Data extract =
* * *

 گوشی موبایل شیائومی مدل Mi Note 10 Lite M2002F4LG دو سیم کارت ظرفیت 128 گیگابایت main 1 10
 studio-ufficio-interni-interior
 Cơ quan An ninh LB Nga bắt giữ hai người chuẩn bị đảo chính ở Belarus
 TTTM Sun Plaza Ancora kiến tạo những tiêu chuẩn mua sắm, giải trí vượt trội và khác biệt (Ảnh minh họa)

* * *

For every line in the listing above that mentions the word "chuẩn", make a copy.

 Cơ quan An ninh LB Nga bắt giữ hai người chuẩn bị đảo chính ở Belarus
 TTTM Sun Plaza Ancora kiến tạo những tiêu chuẩn mua sắm, giải trí vượt trội và khác biệt (Ảnh minh họa)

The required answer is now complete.